One of our readers pointed out an important point that men are often victims of violence at the hands of their partners as well.

The rates between men and women differ quite a bit:

  • Intimate partner violence is primarily a crime against women. In 2001, women accounted for 85 percent of the victims of intimate partner violence (588,490 total) and men accounted for approximately 15 percent of the victims (103,220 total). (www.endabuse.org)

However, this may be due to the fact that men are more unlikely to report such incidents:

  • Women are seven to 14 times more likely than men to report suffering severe physical assaults from an intimate partner. (www.endabuse.org)

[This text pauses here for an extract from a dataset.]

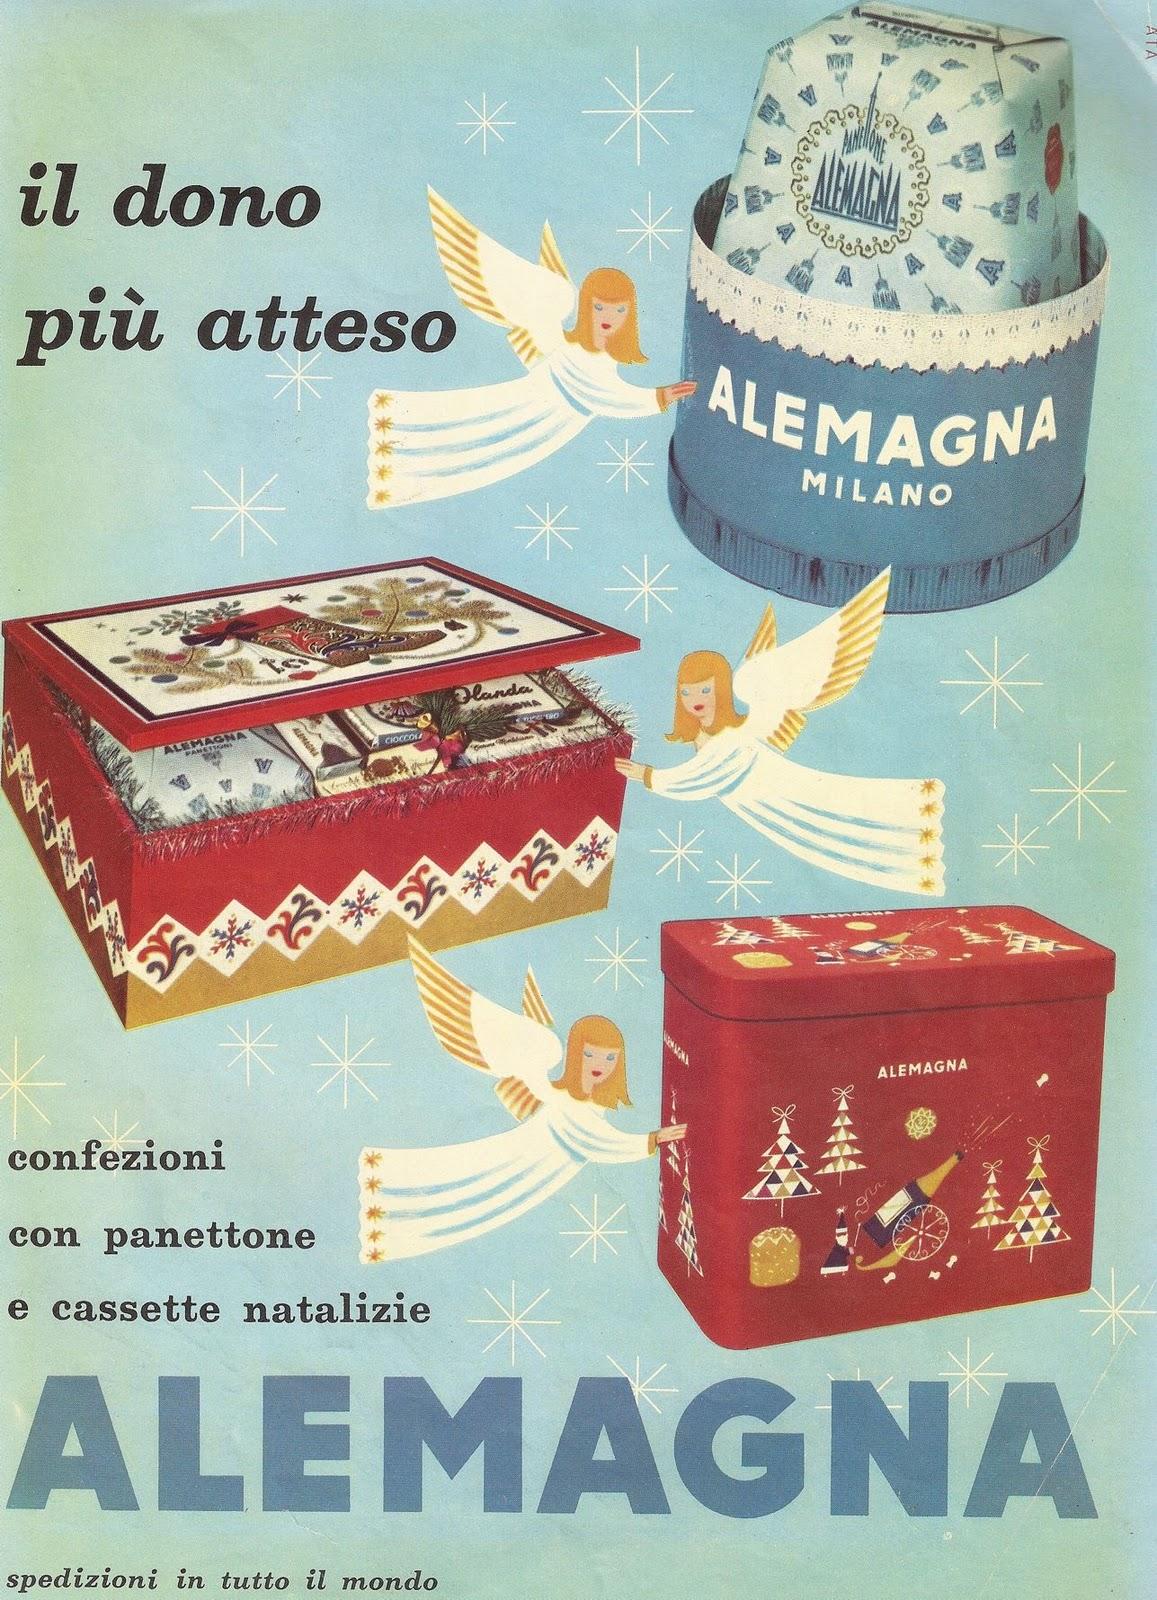 alemagna 1958 (bruno tredicine-napoli)
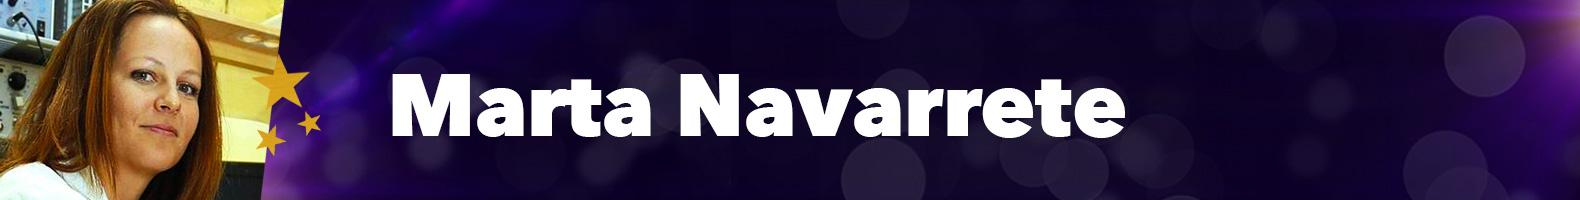 Marta-Navarrete

Unfortunately, domestic violence occurs with both genders. Here is a good resources available for men to identify and learn how to deal with abuse: http://www.wadv.org/maleabuse.htm

How do you think such incidents are accounted for and dealt with in the South Asian community and how do you feel the statistics for such cases may differ?

3 Comments

BhavanaMar 22 2008 - -

I have 4 very different points. 1. I am in no way saying that men are not abused. But I think our world's understanding of what constitutes abuse against men is very weak and steeped in patriarchy. Many desi men I have spoken to have felt that not having full control of their wives, or women utilizing laws to prosecute abusive husbands is a form of male abuse. This is the understanding of many men, that denying men patriarchal rights constitutes abuse. There has to be a way to engage with men constructively around both challenging this perception and defining male abuse... 2. I feel a little weird about what the WADV listed as one of the signs of an abusive woman. That is, her "unrealistic expectations, assumptions and conclusions." I think one tactic of abuse is when abusers make victims feel as though they are being unrealistic and crazy in their relationships. I find this statement an oversimplification of what may actually be abuse in the opposite direction. 3. In thinking about abuse, I don't know if it's always so simple as abuser and victim. Retaliation can also take the form of violence - I'm not trying to validate or blame the victim for his/her actions. I am trying to say that the struggle for power and control is not one-sided, and maybe this merits more analysis. (Maybe there already is, I don't know...) 4. This is a small point, but there is a link on that WADV Male Abuse page to a site called "Abuse Excuse." This is the site of Dean Tong and while he has appeared on several news shows as a domestic violence "expert," he was also arrested on charges of dv. On his site, he advocates that most of the accusations of child abuse (and domestic violence) are false, and pulls in all kinds of reasons such as mental illness, parental alienation syndrome, and vindictiveness as reasons that (primarily) women accuse (primarily) men and thus deprive families of fathers. Though I think everyone is entitled to their own opinion, I suggest being really careful with such a "resource" - it seems more like a rationalization of why abuse is not a valid excuse for breaking up families.

Abused menMar 23 2008 - -

A point to be noted is that often men who are sexually abused don't see it as abuse, they see it as 'Oh man, that woman was all over me' and often take pleasure in it. So it's not really abuse, you would think, but if we're thinking in terms of 'what applies to women should also apply to men', this IS abuse. A woman in his position wouldn't be flattered by the male attention when it's sexual in nature, for her it is a sure-shot case of violation. So, when we're talking about abused men and women, the contexts and definitions are different. Some men would probably think it's kinky sex if a girl solicits sex by holding a knife to his throat. Women are less likely to think that way. Again, I'm not condoning violence against men at all. I just think we should understand and accept that definitions differ.

LQTNov 19 2008 - -

I think it's important to realize that abuse not only in heterosexual relationships but in same sex relationships as well. A vast majority of males who experience abuse experience it in same sex relationships. Just another perspective to keep in mind.